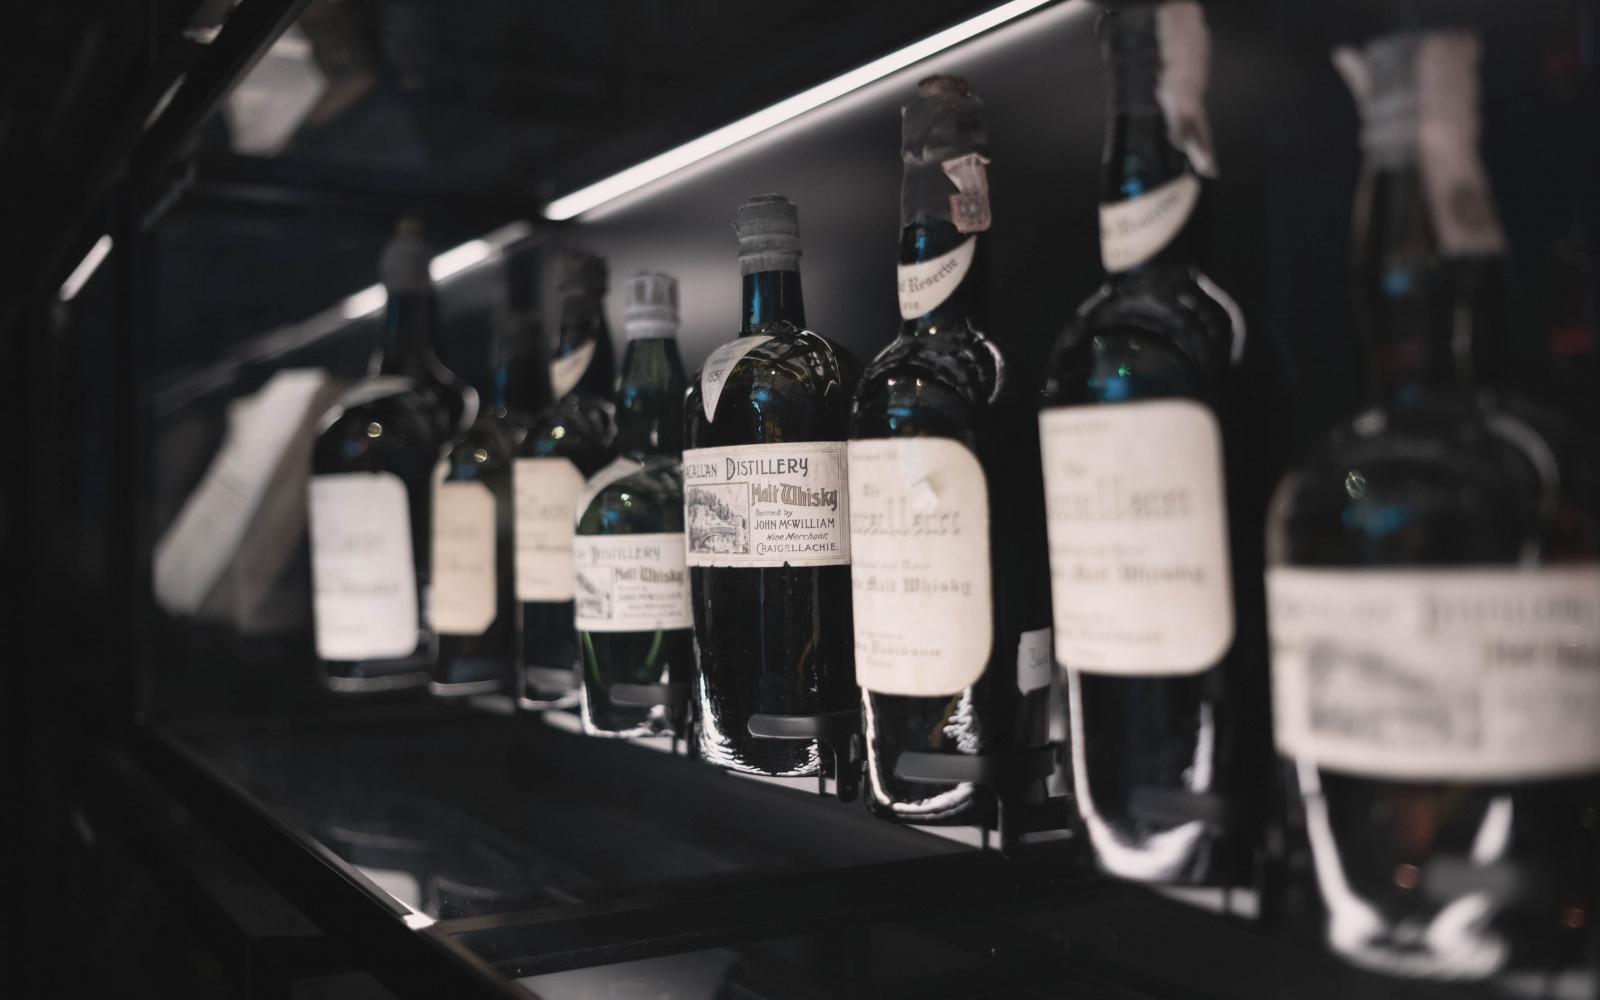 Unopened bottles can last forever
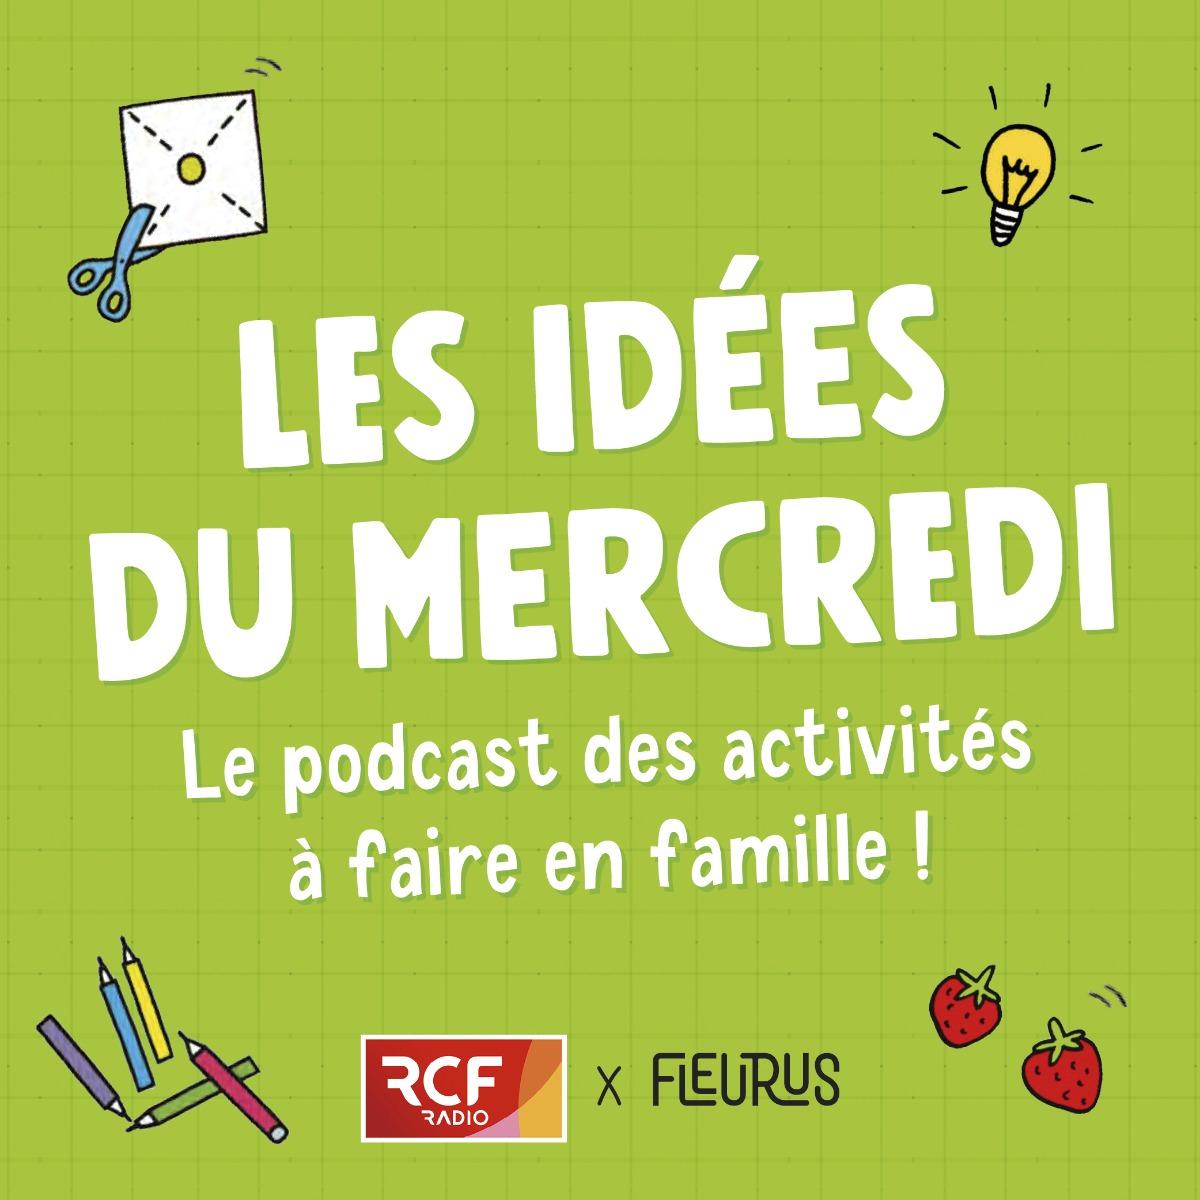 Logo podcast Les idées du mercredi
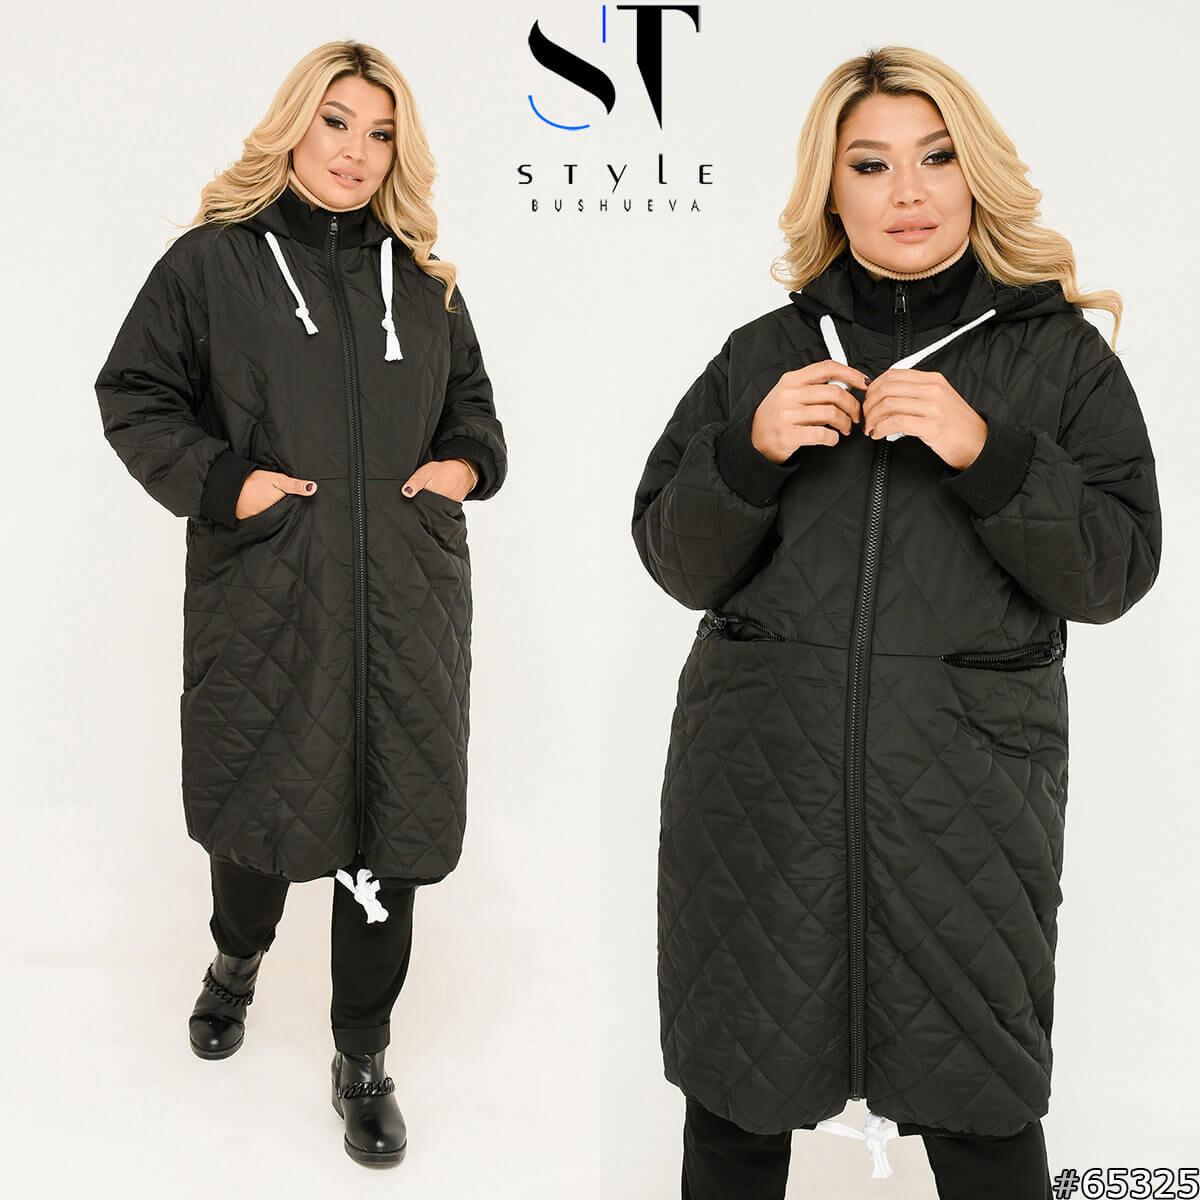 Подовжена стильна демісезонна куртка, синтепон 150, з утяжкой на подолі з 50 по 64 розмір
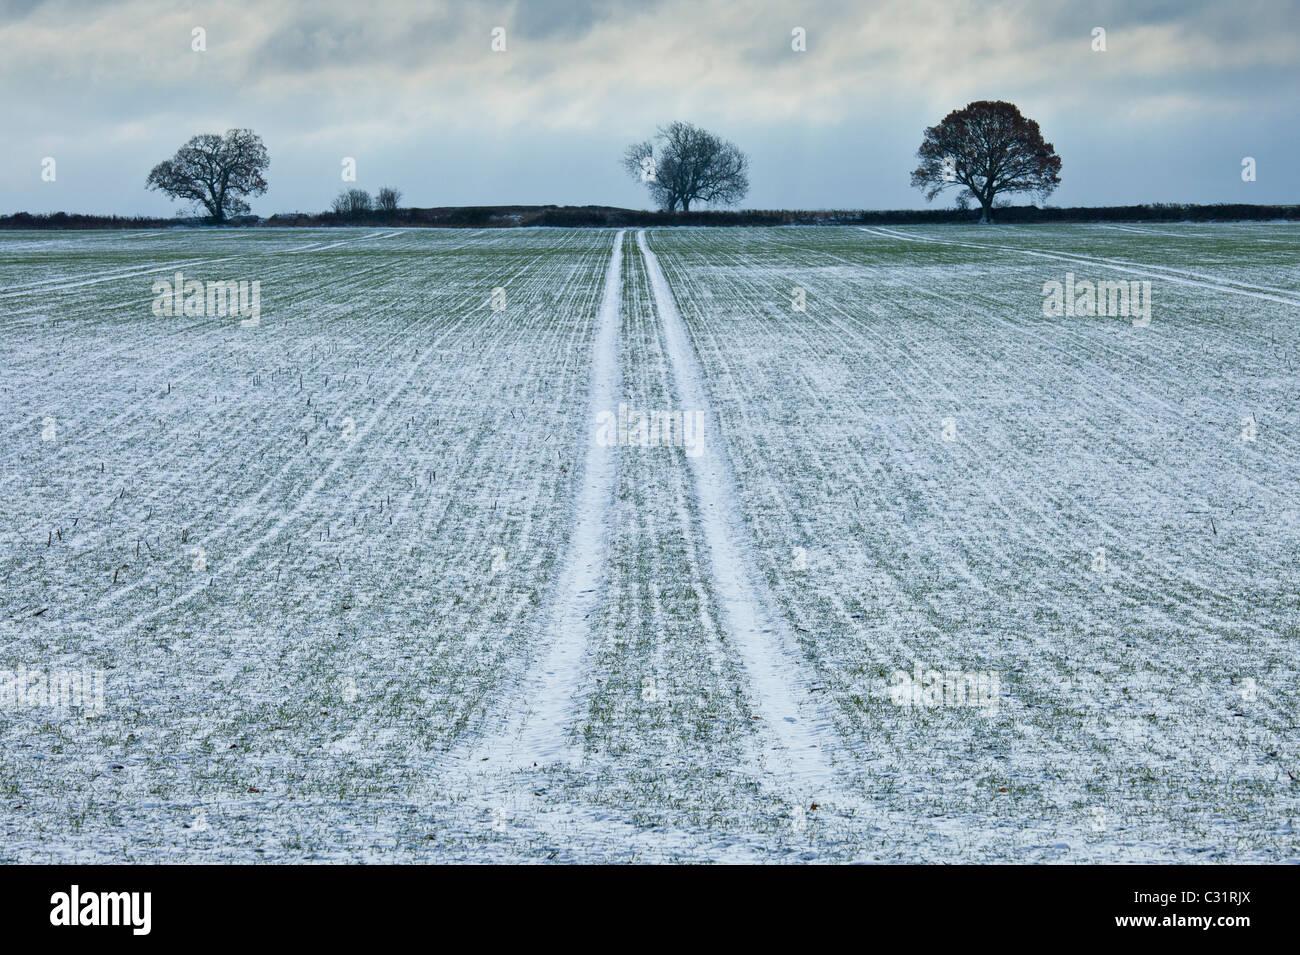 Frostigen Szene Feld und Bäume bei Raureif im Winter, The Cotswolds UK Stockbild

▶ **Task to carry out**: Skip every picture and retype only the lines from the line with "Подовжена стильна демісезонна" through the last line of the listing, both ends included, exactly as they appear.

▶ **Your response**:
 Подовжена стильна демісезонна куртка, синтепон 150, з утяжкой на подолі з 50 по 64 розмір
 Frostigen Szene Feld und Bäume bei Raureif im Winter, The Cotswolds UK Stockbild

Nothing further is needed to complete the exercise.